History of Crossroads Cemetery


 

Crossroads Cemetery

Louis Chandler, Ph.D.

 

The History of the Crossroads Cemetery

The Cross Roads Cemetery, the oldest, continuously operating one in the area, surrounds the Old Stone Church at the intersection of Monroeville Boulevards and Stroschein Road. Together, they create one of the community’s most familiar landmarks.

In the winter of 1799, it is said that a small child, possibly from a passing wagontrain, wandered off and became lost in the woods on the farm of Robert Johnson. No one came looking for him and no one reported him missing. When spring came and the snow melted, the child’s body was discovered. Johnston conducted a search for the child’s family but to no avail. He decided to bury the child where he lay, just a few feet from the spot where Johnston had buried his sister-in-law, Mary Clugston Johnston, in 1796. And in February 1800, Captain Johnston dedicated that portion of the family’s land as a “Common Cemetery.”

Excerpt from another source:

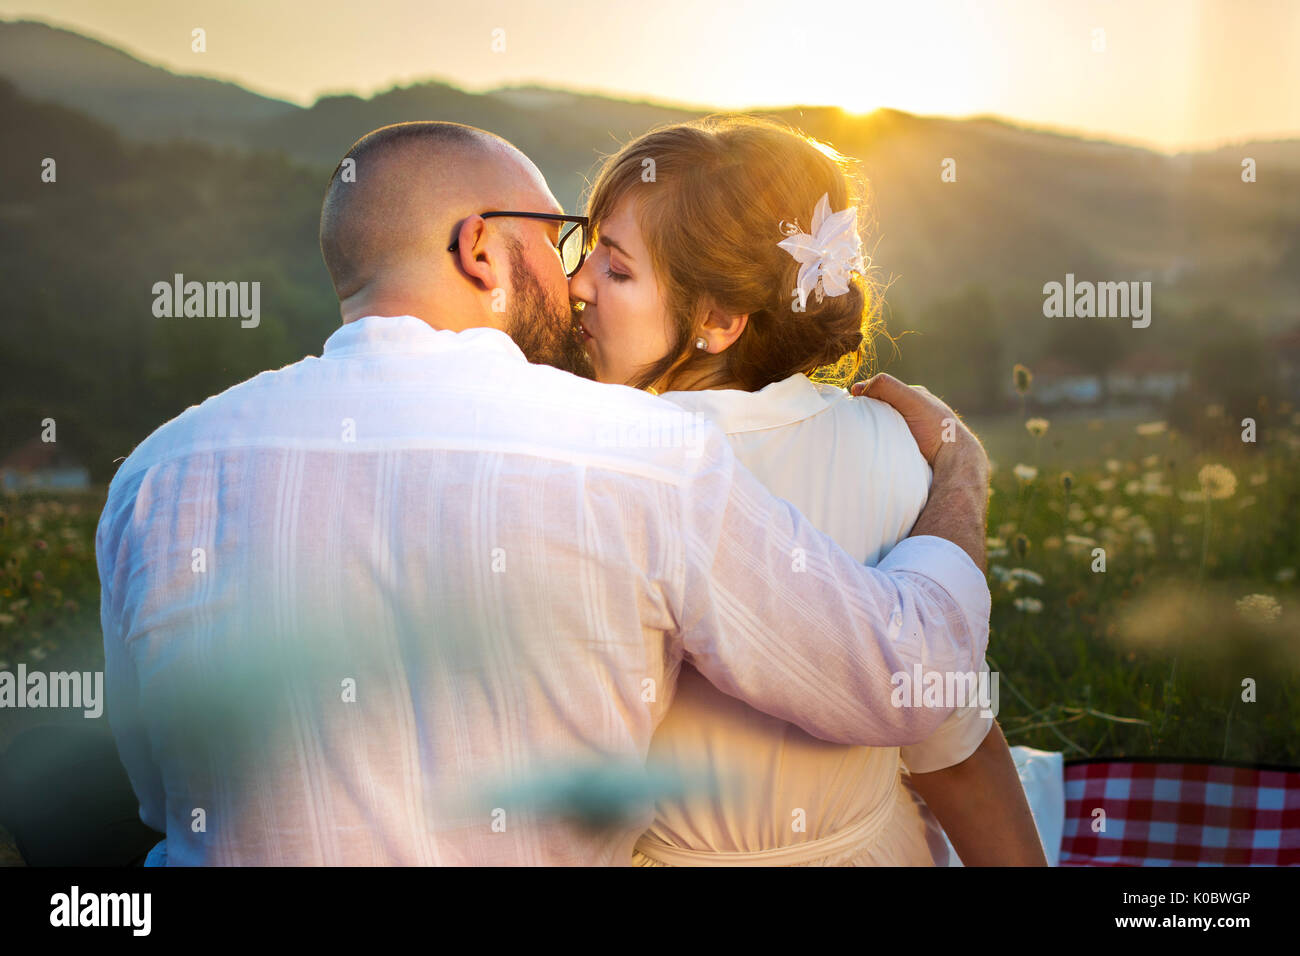 Couple kissing on picnic with romantic sunset view Stock Photo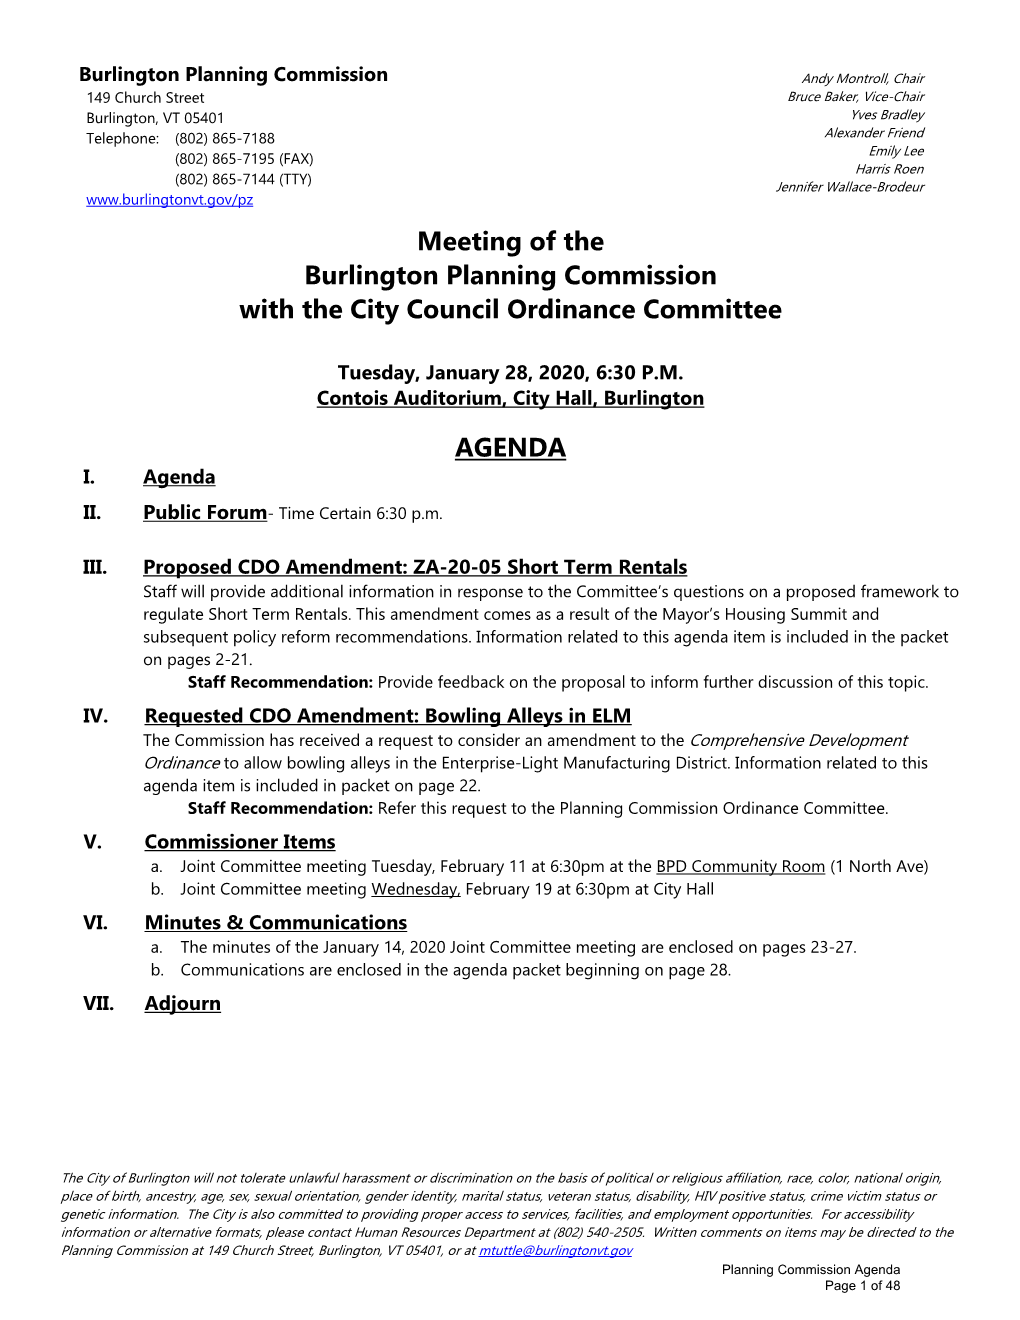 Meeting of the Burlington Planning Commission with the City Council Ordinance Committee

The first part of the cemetery was 154 square perches of Johnston land (.96 acres), bordered on the southwest side by the Northern Turnpike, on the west and northwest by Beatty and Joel Monroe properties, and on the northwest side by the William Beatty property (later the site of the Miracle Mile Shopping Center).

In the early 1800s the Johnston’s homestead was burned to the ground in an Indian raid. John Johnson then traded some 200 acres of land to his neighbors, the Snodgrasses, for a half of beef, meat from nine hogs and other foods which could be spared to tide the family over until the next growing season. This trade would involve the Snodgrass property next to the cemetery and the Henry Beatty property, later a trailer court on the Prin property on Northern Pike just across from the cemetery. Additional land was donated by the Monroes, the Snodgrasses and the Johnstons.

Thus the Crossroads Cemetery preceded the building of the first Crossroads Church in the 1830s.